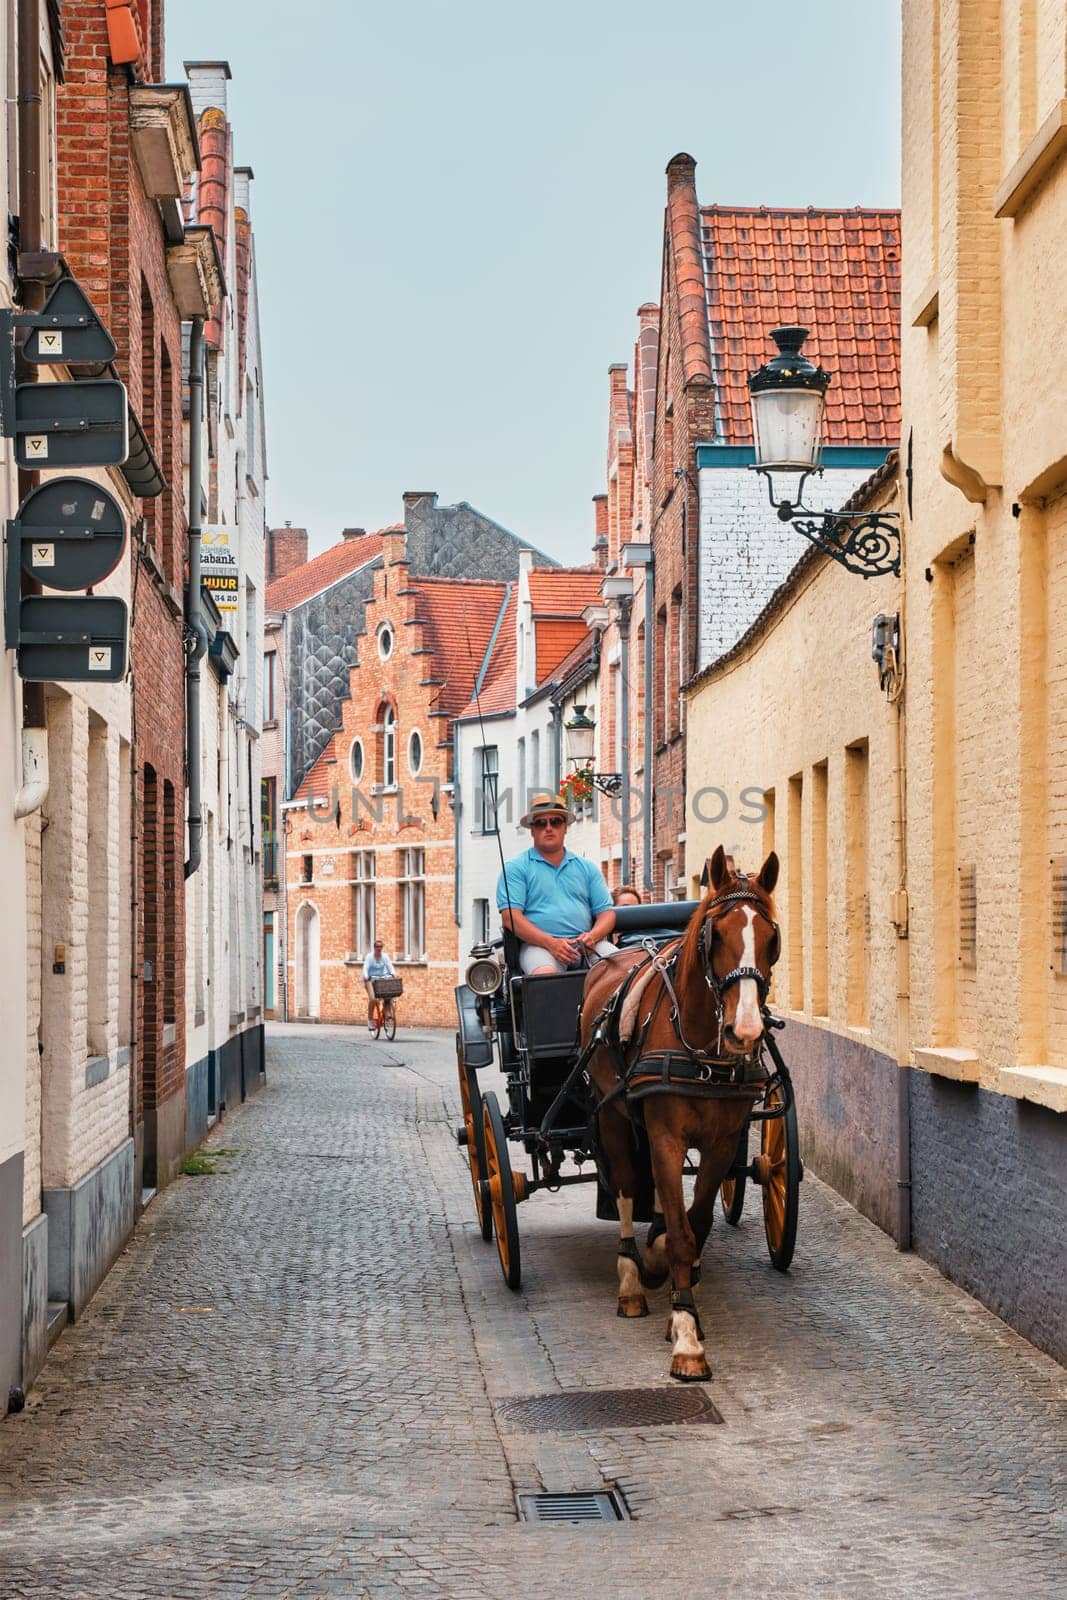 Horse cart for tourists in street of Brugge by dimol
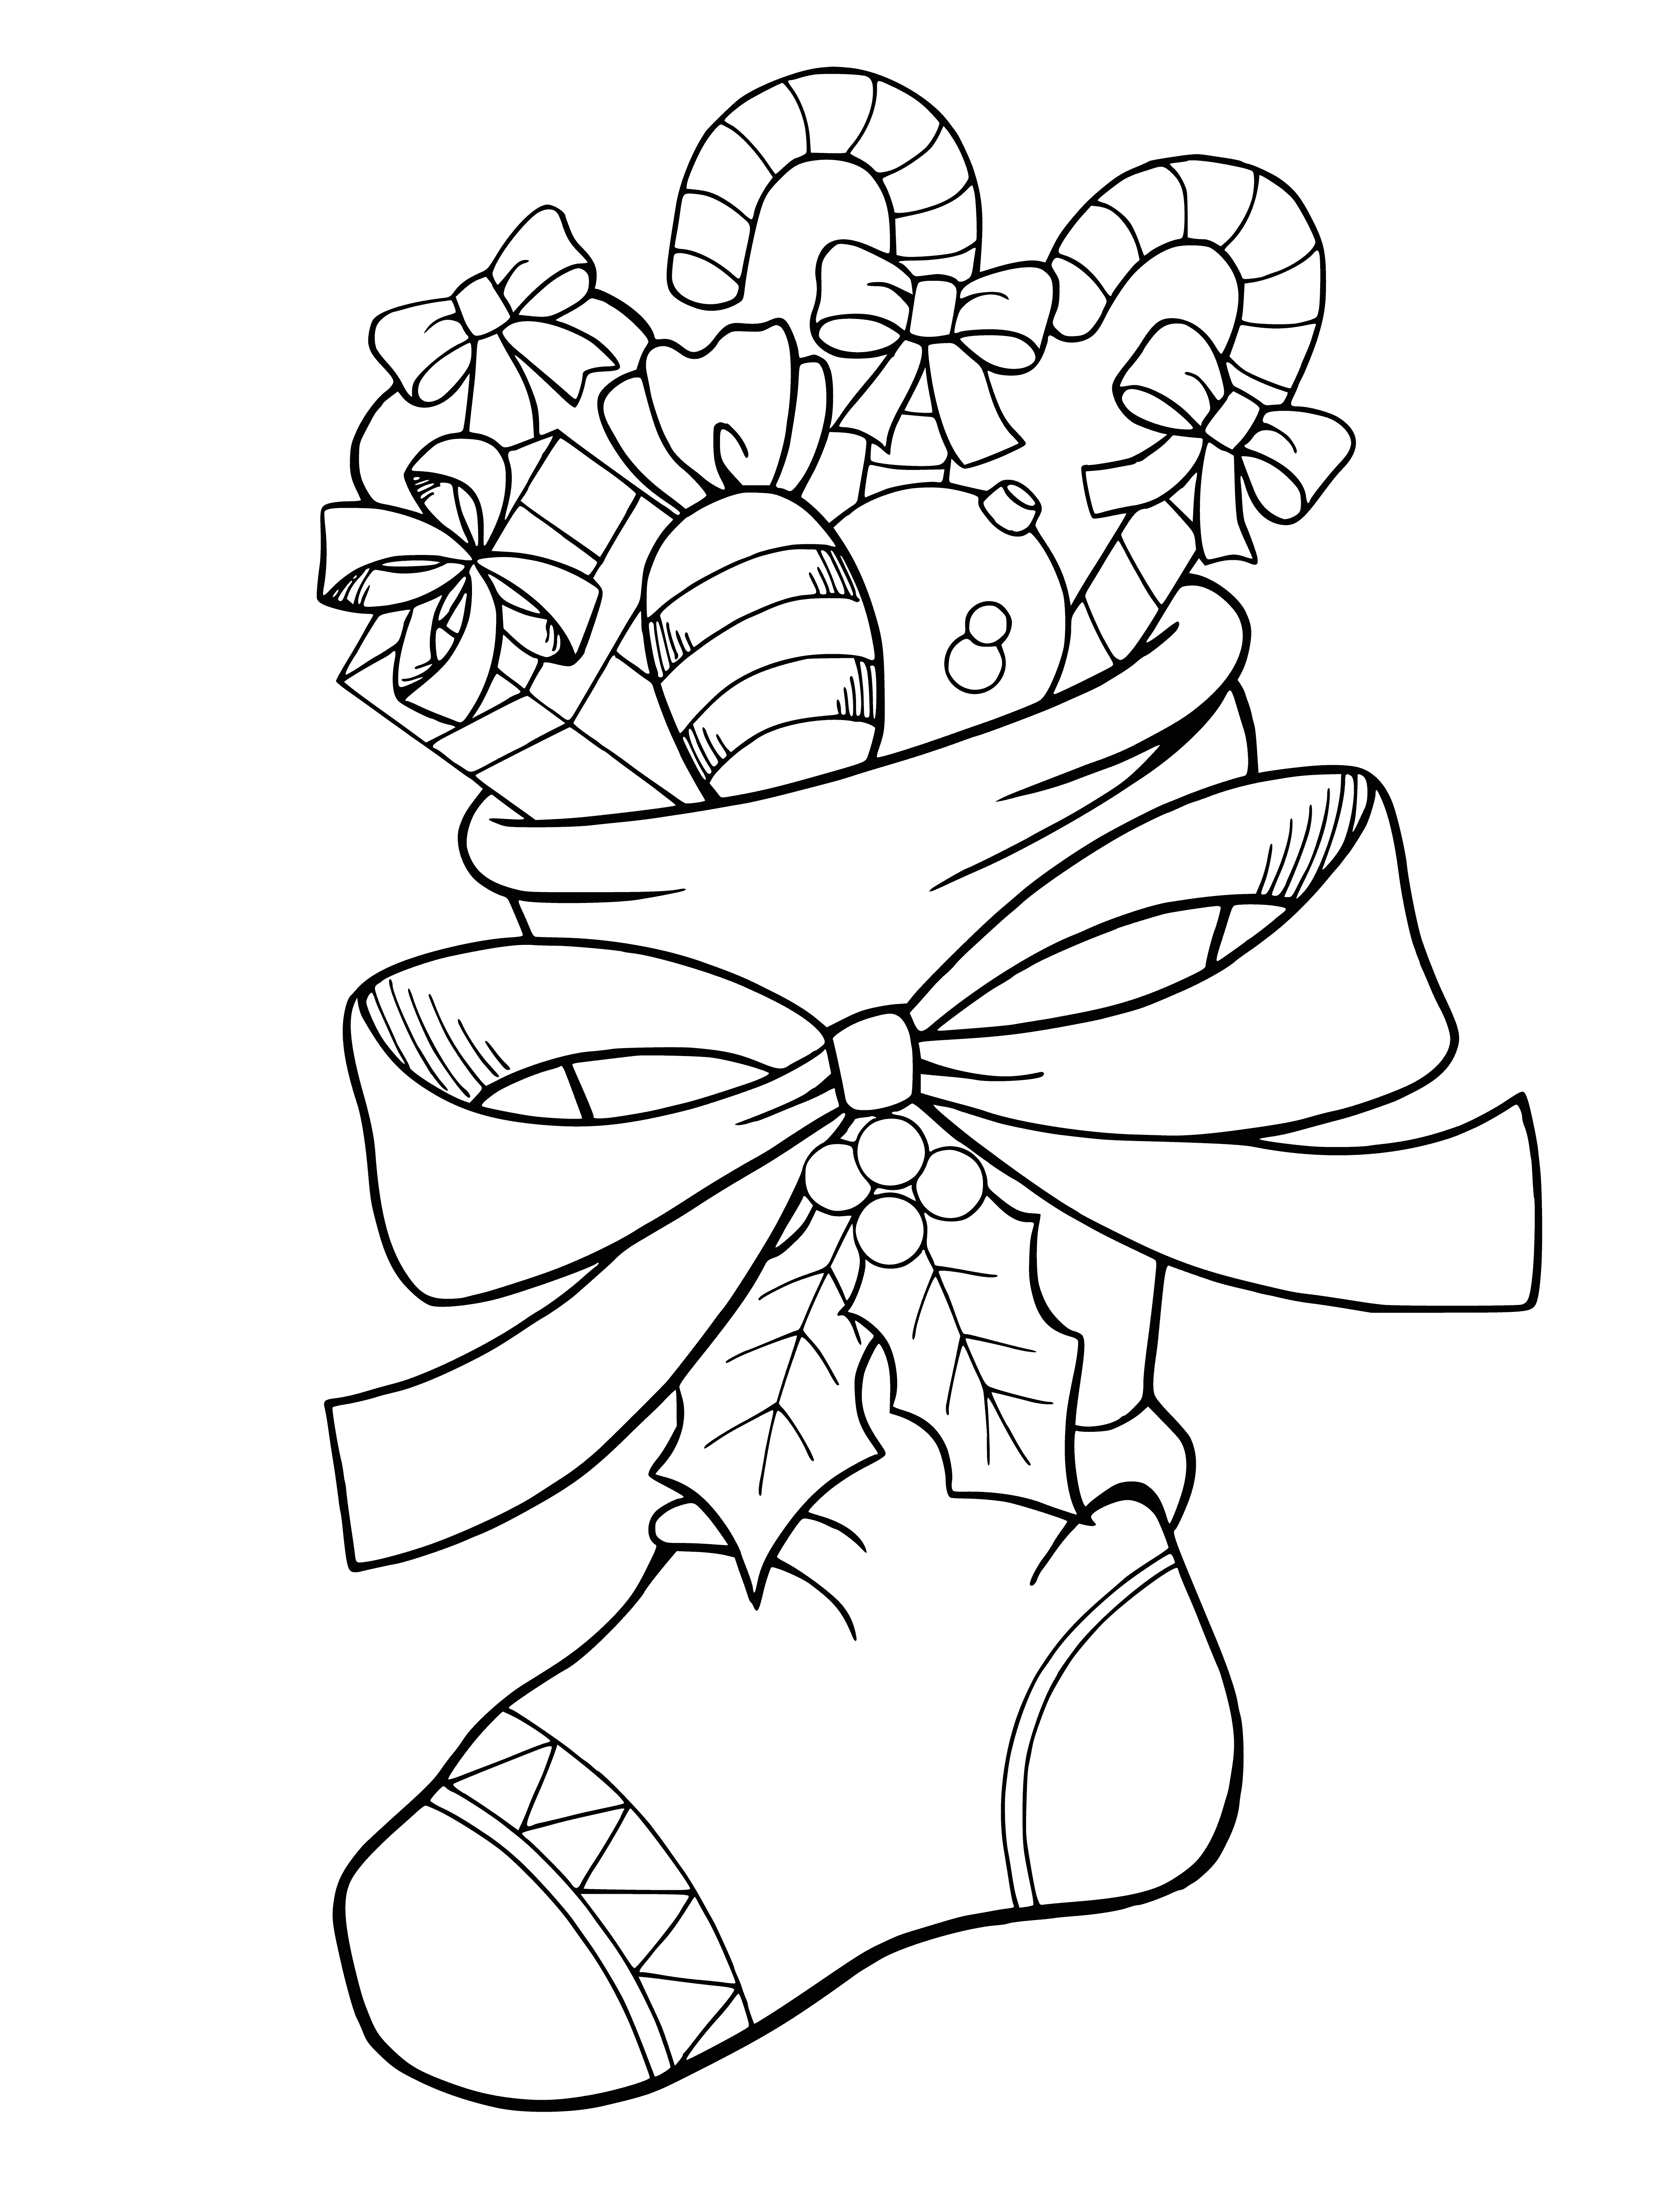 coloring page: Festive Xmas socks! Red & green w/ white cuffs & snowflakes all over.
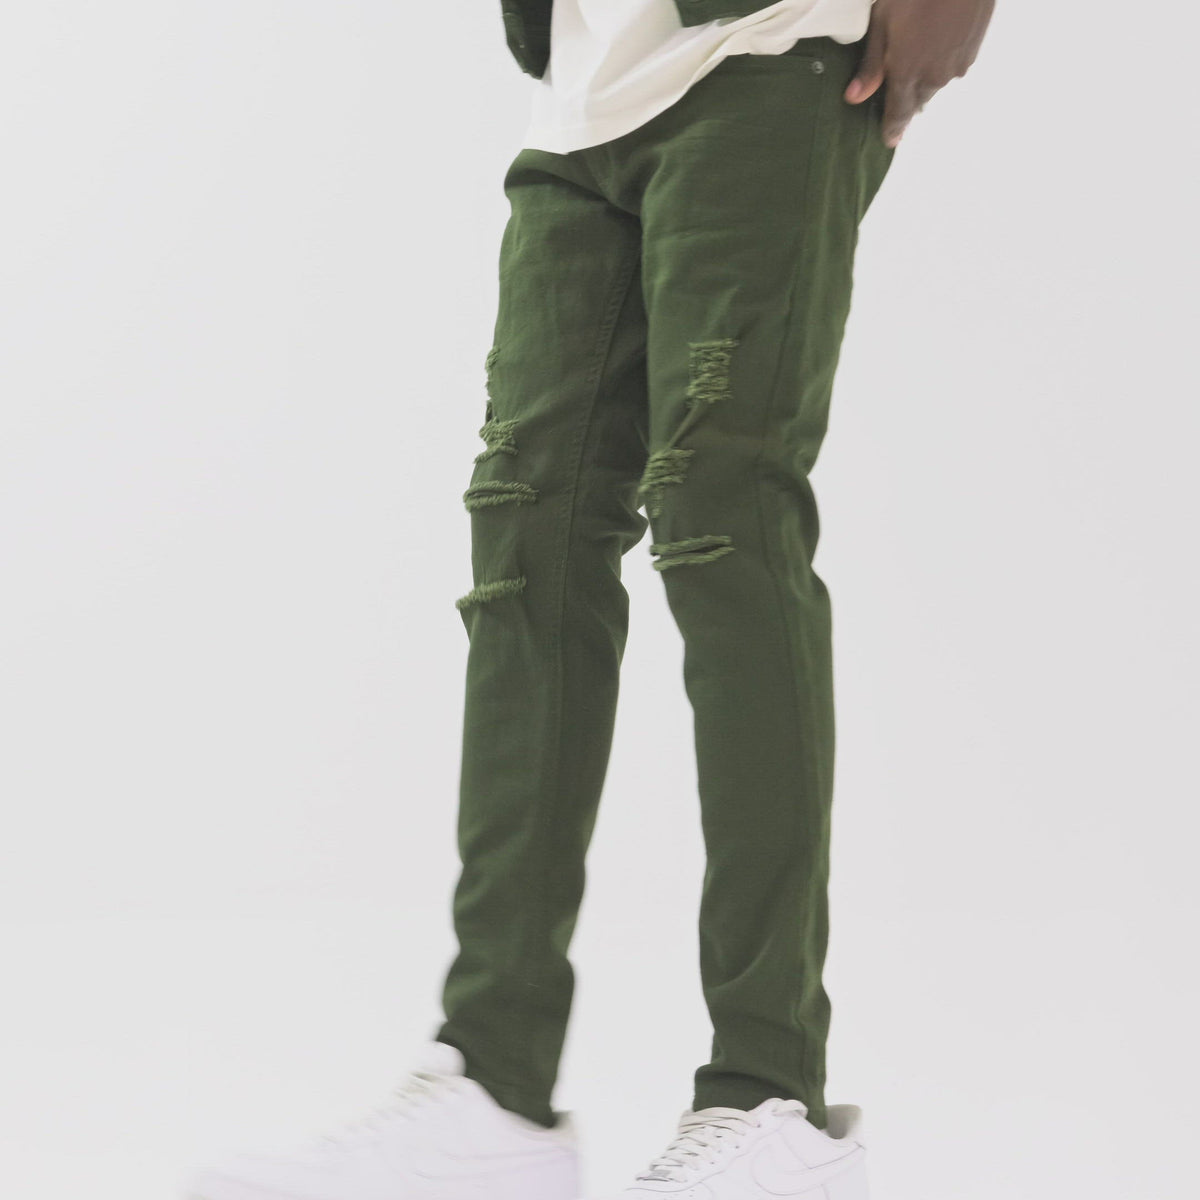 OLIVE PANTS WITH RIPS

> _What is required_
Each line of the data above is to be output exactly; the pictures are not to appear.

> _Task answer_
 Horse cart for tourists in street of Brugge by dimol
 coloring page: Festive Xmas socks! Red & green w/ white cuffs & snowflakes all over.
 OLIVE PANTS WITH RIPS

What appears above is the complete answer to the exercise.